#### Data supplied
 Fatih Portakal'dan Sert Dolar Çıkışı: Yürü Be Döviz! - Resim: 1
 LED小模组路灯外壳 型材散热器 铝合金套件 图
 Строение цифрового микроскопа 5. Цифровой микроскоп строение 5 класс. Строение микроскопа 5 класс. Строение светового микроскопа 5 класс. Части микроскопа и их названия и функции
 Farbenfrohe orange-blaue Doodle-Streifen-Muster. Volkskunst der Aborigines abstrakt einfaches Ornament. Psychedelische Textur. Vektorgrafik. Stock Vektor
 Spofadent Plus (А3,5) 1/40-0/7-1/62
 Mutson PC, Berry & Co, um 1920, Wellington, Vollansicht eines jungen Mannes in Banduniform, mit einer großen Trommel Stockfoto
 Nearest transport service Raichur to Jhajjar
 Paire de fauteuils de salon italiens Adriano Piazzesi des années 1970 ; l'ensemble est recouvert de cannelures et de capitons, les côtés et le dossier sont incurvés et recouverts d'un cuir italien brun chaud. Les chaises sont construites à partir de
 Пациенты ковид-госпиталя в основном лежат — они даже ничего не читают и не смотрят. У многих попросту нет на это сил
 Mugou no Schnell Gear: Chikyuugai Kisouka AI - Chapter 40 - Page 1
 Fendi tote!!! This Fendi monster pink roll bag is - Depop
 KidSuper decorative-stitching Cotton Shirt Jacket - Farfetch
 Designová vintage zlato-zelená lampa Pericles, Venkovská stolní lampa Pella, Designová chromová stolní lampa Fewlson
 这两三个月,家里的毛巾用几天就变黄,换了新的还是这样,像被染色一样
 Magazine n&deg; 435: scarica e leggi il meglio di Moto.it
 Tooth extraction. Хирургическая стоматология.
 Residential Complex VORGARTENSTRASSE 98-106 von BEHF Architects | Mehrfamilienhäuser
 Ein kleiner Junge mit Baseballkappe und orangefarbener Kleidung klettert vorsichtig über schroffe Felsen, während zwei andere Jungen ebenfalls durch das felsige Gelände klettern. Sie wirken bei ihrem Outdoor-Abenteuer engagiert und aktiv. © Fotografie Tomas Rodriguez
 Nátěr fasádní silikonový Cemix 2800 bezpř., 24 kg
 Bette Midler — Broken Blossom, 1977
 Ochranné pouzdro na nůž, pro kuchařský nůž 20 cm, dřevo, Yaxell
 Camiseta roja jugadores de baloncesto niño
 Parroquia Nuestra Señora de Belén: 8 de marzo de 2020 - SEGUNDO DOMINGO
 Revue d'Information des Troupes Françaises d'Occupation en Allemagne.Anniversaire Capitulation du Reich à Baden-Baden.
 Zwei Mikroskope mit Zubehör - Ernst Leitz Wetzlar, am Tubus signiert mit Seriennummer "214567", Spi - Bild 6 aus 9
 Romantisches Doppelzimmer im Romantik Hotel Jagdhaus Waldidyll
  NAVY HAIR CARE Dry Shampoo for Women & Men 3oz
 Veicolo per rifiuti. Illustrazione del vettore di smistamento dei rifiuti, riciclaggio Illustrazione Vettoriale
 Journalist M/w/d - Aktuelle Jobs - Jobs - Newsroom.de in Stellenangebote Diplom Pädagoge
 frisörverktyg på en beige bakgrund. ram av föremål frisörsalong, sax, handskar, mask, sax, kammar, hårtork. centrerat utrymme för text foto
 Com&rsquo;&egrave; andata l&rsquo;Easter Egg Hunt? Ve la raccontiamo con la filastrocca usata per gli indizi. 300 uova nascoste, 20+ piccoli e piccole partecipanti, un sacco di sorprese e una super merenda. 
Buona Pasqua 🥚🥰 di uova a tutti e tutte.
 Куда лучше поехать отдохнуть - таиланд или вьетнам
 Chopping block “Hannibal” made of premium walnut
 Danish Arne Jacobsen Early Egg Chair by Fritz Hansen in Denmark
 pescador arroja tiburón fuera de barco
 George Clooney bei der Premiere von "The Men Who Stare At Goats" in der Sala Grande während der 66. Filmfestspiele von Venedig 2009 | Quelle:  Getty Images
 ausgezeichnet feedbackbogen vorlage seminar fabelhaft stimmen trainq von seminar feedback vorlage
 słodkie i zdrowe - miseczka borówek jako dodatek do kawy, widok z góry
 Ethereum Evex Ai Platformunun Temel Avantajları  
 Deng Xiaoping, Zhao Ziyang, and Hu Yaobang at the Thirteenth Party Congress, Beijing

#### What you need to do
From the data above, show each line that contains "uova".

#### Completed task
 Com&rsquo;&egrave; andata l&rsquo;Easter Egg Hunt? Ve la raccontiamo con la filastrocca usata per gli indizi. 300 uova nascoste, 20+ piccoli e piccole partecipanti, un sacco di sorprese e una super merenda. 
Buona Pasqua 🥚🥰 di uova a tutti e tutte.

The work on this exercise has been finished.